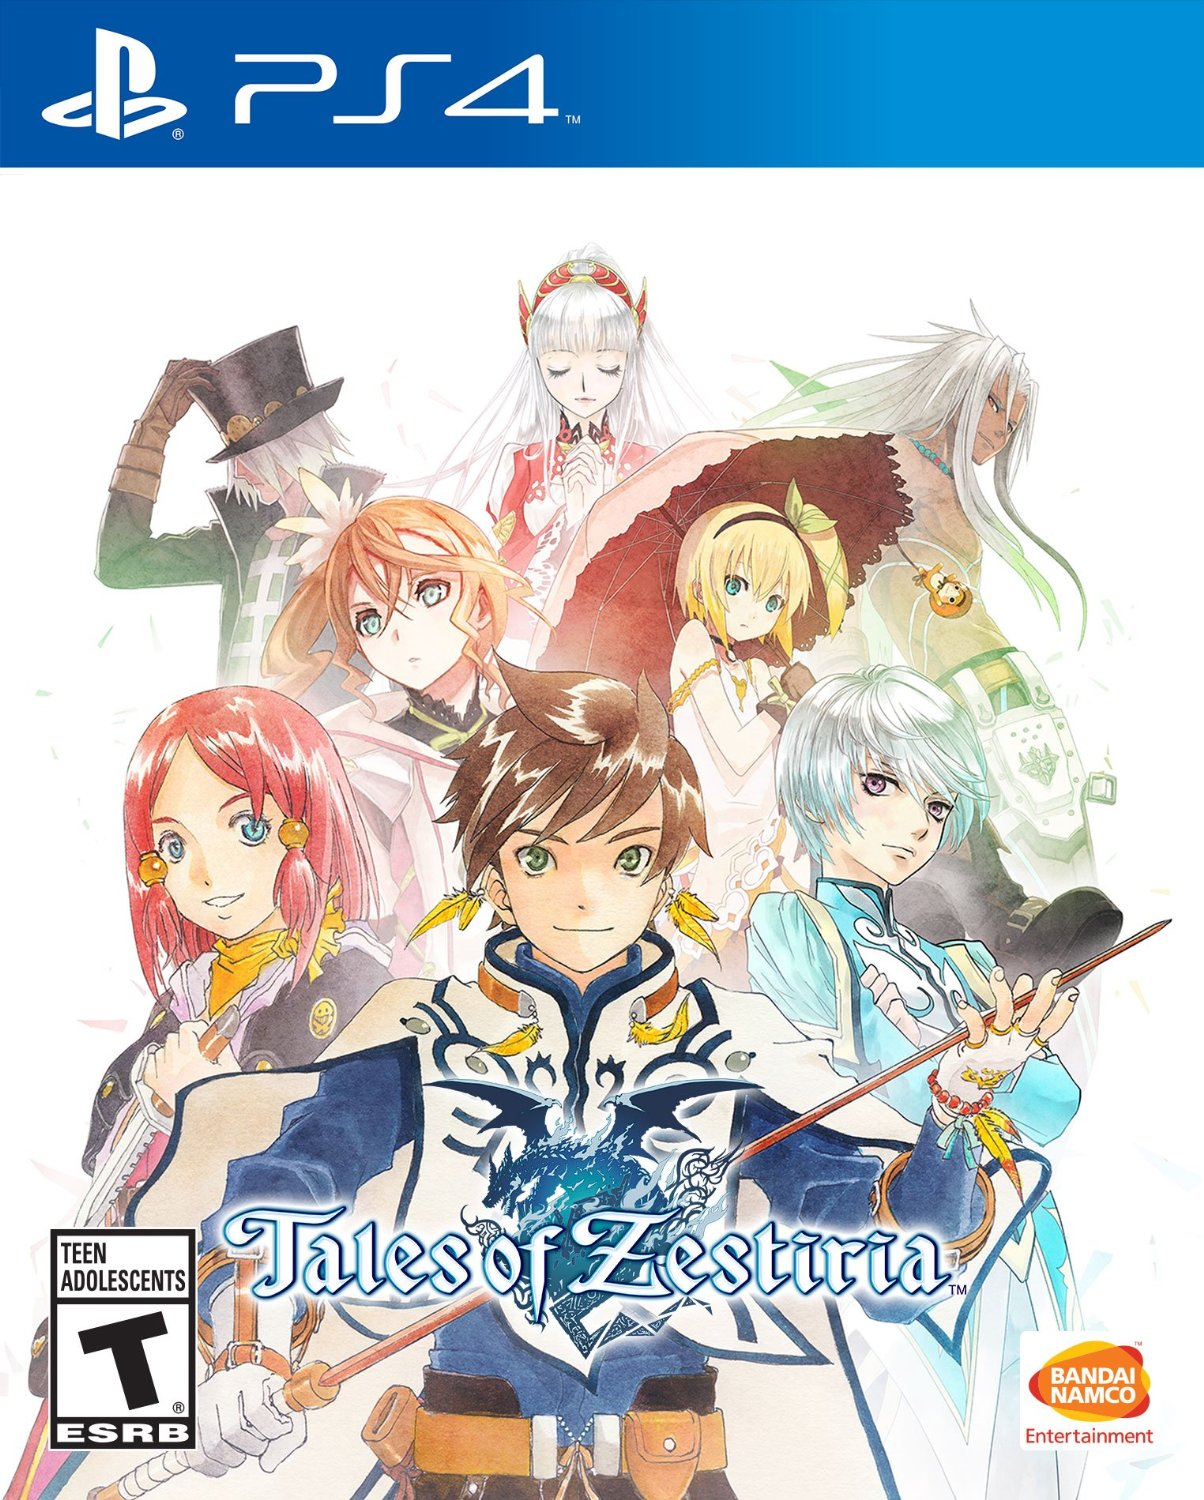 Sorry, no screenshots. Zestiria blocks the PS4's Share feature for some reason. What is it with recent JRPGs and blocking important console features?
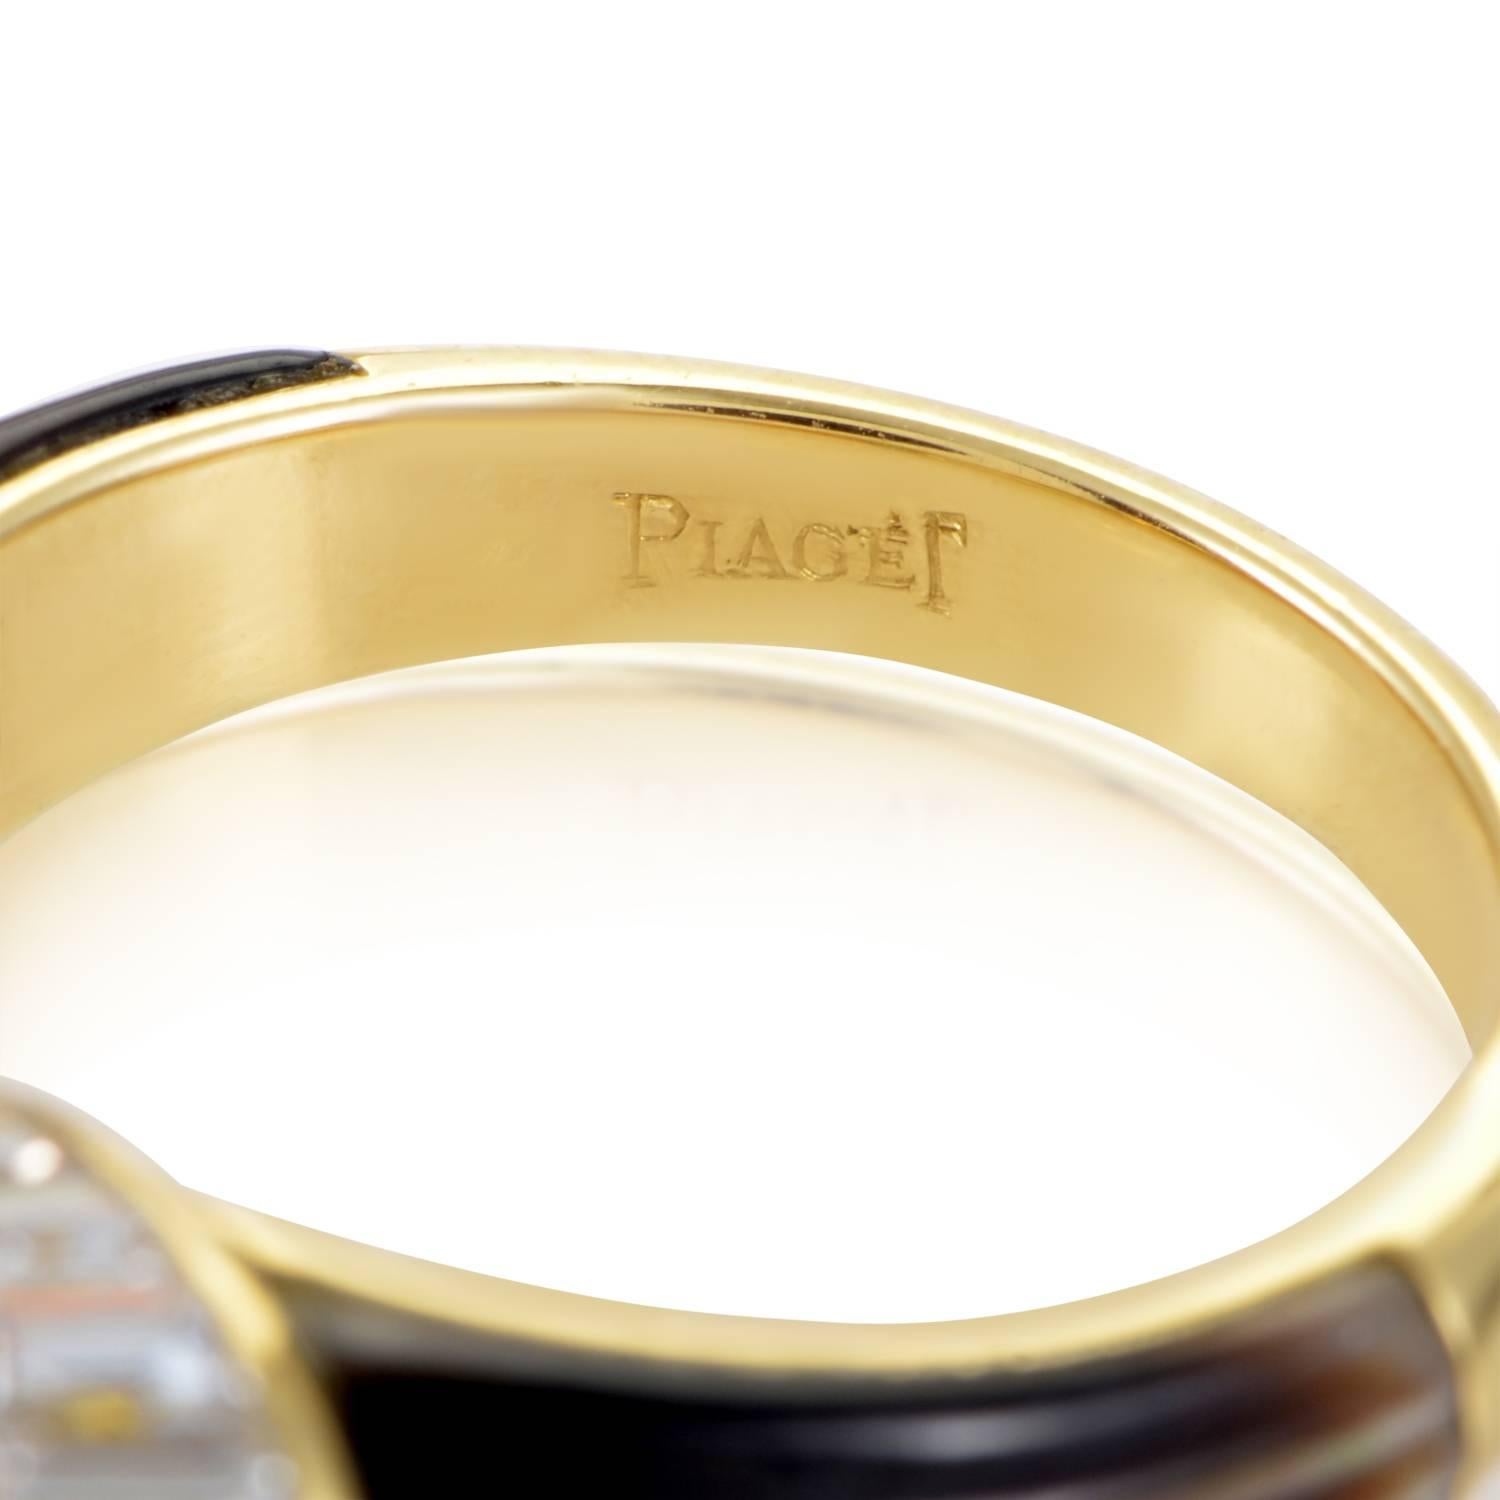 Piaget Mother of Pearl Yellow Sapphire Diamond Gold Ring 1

§

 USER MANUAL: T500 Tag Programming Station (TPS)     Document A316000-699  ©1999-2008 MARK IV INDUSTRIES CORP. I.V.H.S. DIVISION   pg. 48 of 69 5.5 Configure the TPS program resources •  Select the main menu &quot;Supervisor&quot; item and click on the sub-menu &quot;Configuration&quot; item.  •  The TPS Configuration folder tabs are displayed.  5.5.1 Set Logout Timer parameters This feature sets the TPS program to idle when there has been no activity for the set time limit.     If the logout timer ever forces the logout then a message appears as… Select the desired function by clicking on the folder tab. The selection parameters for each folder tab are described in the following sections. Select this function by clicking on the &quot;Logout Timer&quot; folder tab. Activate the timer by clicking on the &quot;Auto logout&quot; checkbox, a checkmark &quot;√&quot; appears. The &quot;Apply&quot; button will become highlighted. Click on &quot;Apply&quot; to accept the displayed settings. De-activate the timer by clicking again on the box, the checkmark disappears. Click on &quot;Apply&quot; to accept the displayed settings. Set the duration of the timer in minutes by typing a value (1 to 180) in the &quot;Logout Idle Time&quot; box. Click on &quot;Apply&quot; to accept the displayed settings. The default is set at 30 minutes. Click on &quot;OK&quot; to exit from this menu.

§

[TASK PROMPT] Above are the records. Copy only the lines from the one with "Sorry, no screenshots." through the one with "Piaget Mother of", exactly, with no pictures.

[EXPECTED OUTPUT]
 Sorry, no screenshots. Zestiria blocks the PS4's Share feature for some reason. What is it with recent JRPGs and blocking important console features?
 Piaget Mother of Pearl Yellow Sapphire Diamond Gold Ring 1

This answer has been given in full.